INFOTERKINI.ID - Pemerintah Kabupaten (Pemkab) Bogor telah mengambil keputusan strategis terkait pengaturan jam kerja bagi para Aparatur Sipil Negara (ASN) di lingkup kerjanya. Kebijakan baru ini menetapkan bahwa setiap hari Jumat akan diberlakukan sistem kerja dari rumah atau Work From Home (WFH).
Keputusan ini diambil sebagai langkah antisipatif dan proaktif dalam menghadapi dinamika perekonomian dan energi global yang saat ini sedang mengalami fluktuasi signifikan. Fokus utama dari kebijakan ini adalah upaya nyata untuk menekan laju konsumsi energi.
Secara spesifik, implementasi WFH pada hari Jumat ini ditujukan untuk mengurangi secara signifikan penggunaan Bahan Bakar Minyak (BBM) oleh kendaraan dinas maupun pribadi ASN. Langkah ini diharapkan memberikan dampak positif terhadap penghematan anggaran daerah.
Selain aspek penghematan energi, Pemkab Bogor juga mempertimbangkan aspek waktu dan potensi risiko penyalahgunaan kebijakan tersebut. Hari Jumat yang berdekatan dengan akhir pekan dinilai memerlukan perhatian khusus dari segi pengawasan.
Penerapan WFH di Hari Jumat itu dinilai berdekatan dengan hari libur Sabtu dan Minggu sehingga dikawatirkan menjadi momentum liburan, demikian pernyataan yang disampaikan oleh pihak Pemkab Bogor. Hal ini menunjukkan adanya kehati-hatian dalam implementasi kebijakan.
Oleh karena itu, kebijakan ini dirancang sedemikian rupa agar pelayanan publik tetap berjalan optimal meskipun ada perubahan pola kerja bagi ASN. Mekanisme pengawasan akan diperketat untuk memastikan tidak ada penurunan kualitas layanan.
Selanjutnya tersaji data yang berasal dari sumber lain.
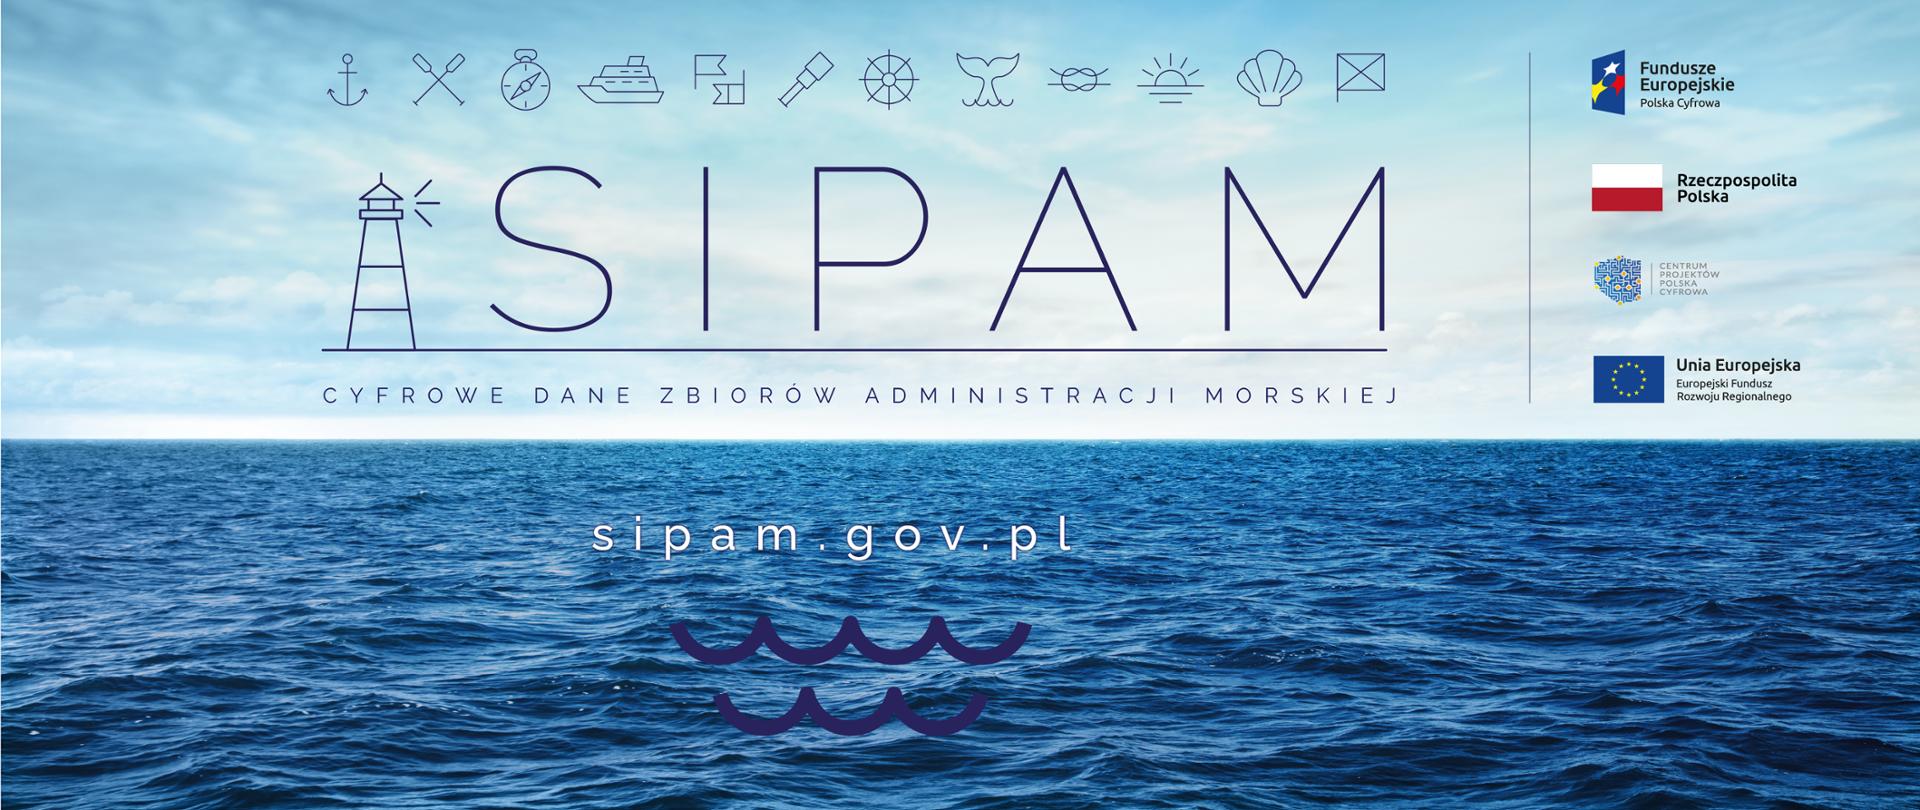 SIPAM - Cyfrowe dane zbiorów administracji morskiej

Kebijakan ini menunjukkan komitmen Pemkab Bogor dalam mengelola sumber daya secara efisien, terutama dalam konteks tantangan energi yang dihadapi saat ini. Upaya ini sejalan dengan imbauan pemerintah pusat untuk melakukan penghematan energi.
Langkah yang diambil Pemkab Bogor ini menjadi salah satu contoh konkret bagaimana pemerintah daerah merespons isu makroekonomi melalui penyesuaian kebijakan internal kepegawaian. Tujuannya adalah menjaga stabilitas operasional sekaligus mendukung program penghematan nasional.